Basic assistance based on the artificial intelligence chip can be found everywhere these days. For us Pakistanis, The biggest obstacle for the use of these systems in our daily lives is always the language barrier.
Most attendees are programmed to recognize voice in English, and even today there is a shortage of programs that can recognize and translate a word into Urdu. It may be about to change soon, thanks to a group of Pakistani scientists at International Telecommunication Union (ITU’) Center for Speech and Language Technologies (CSaLT) laboratory.
For all languages can be identified to a computer, there must be a corpus of words, and most basic components of the language. The corpus is a database of all the different basic voices that is used in common speech in a particular language.
Called ” CSaLT Rich Urdu Speech Corpus”, “It exist of a 70 minutes books including 708 phrases that cover 63 possible phonemes. In total it consists of 5656 the only word and is available for download at the research center’s website.
Dr. Ali Raza Agha, an assistant professor at Information Technology Lahore University, and a PhD in Language Information Technology, said.

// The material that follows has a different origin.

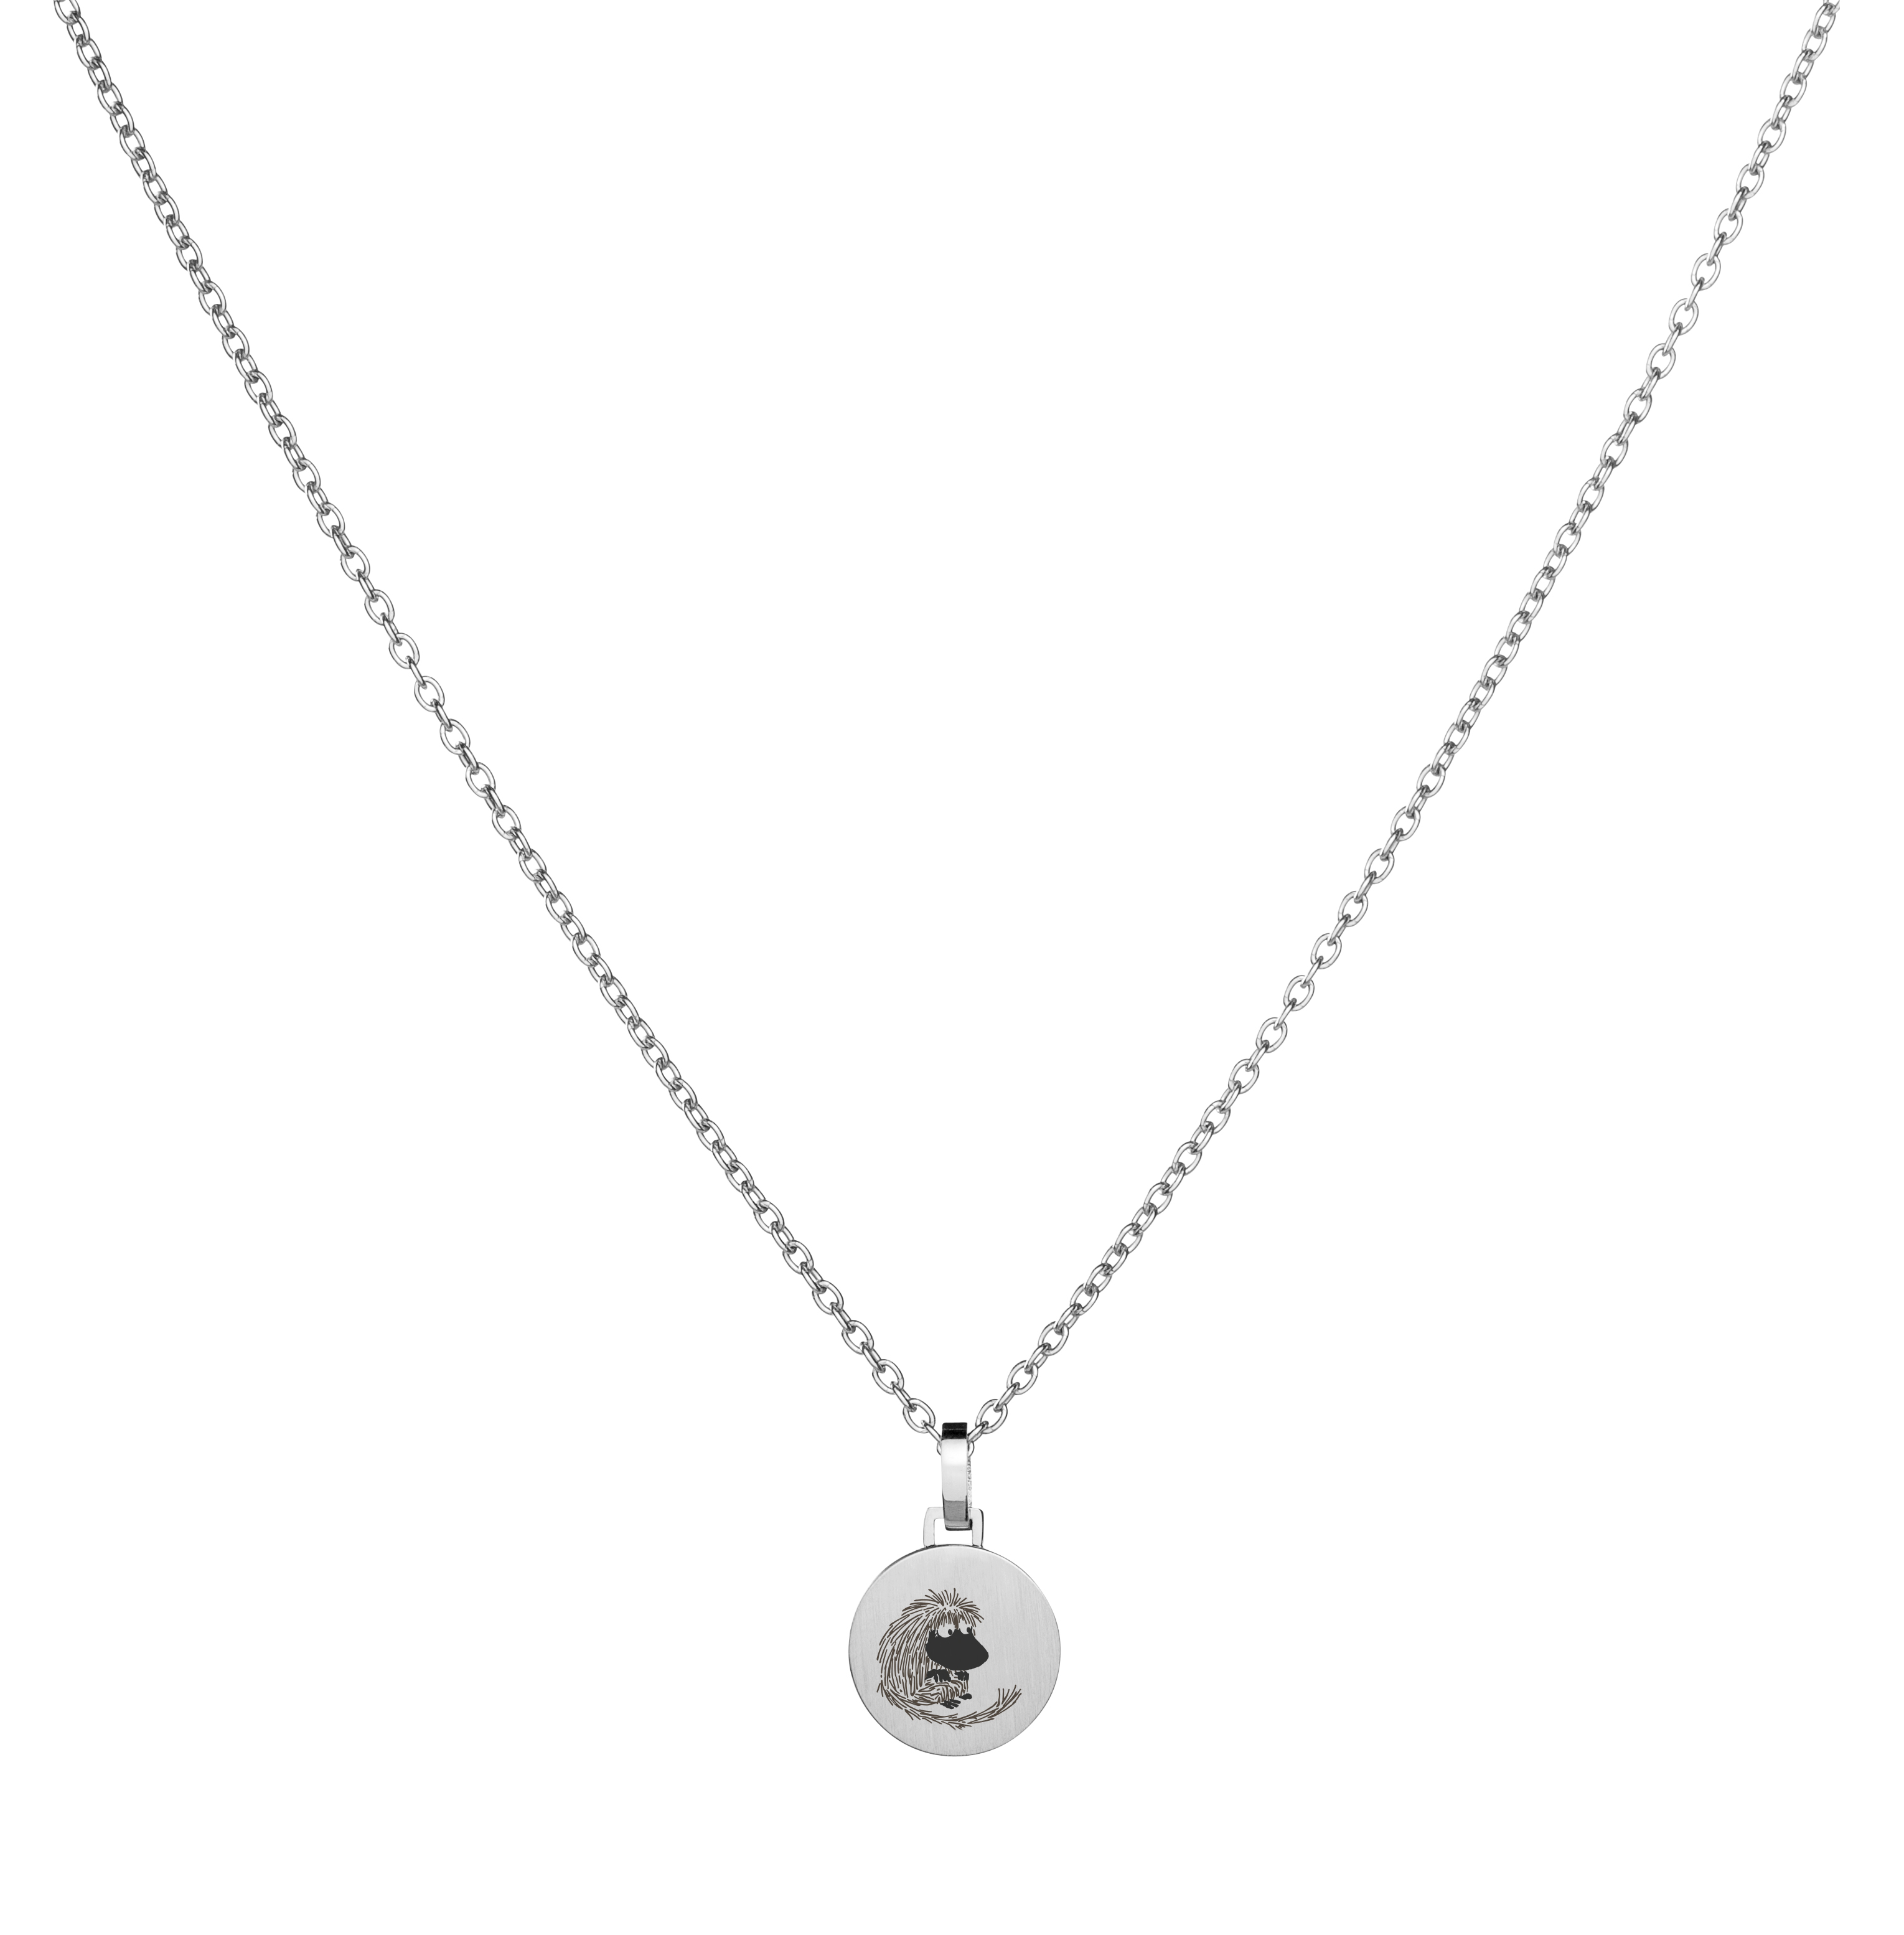 Saurum The Ancestor stainless steel pendant

“Speech recognition is a two-step process. The corpus will give the computer application access to all possible phonemes used in the formation of meaningful Urdu words from everyday speech,”
He further elaborates that although the existence of 63 different phonemes in Urdu, and these are not compatible with 63 clean sounds in everyday speech.
He also explained that a sound of the word can vary from one to another depending on the voice used before and after a word. Therefore, any Q audio, there will be 63*x*63 possible (tri-phoneme) sounds. Covers the body you drop possible these voices. The corpus he is using the shells covers for all these possible sounds.
Work on this corpus Dr.Raza began under the supervision of Dr. Sarmad Hussain in National University of Computer and Emerging Sciences FAST, Lahore. Thanks for this body, and the process of creating the application language Urdu speech recognition has become much easier.
“The technique used in development of this corpus will work for any language for which written material is available.”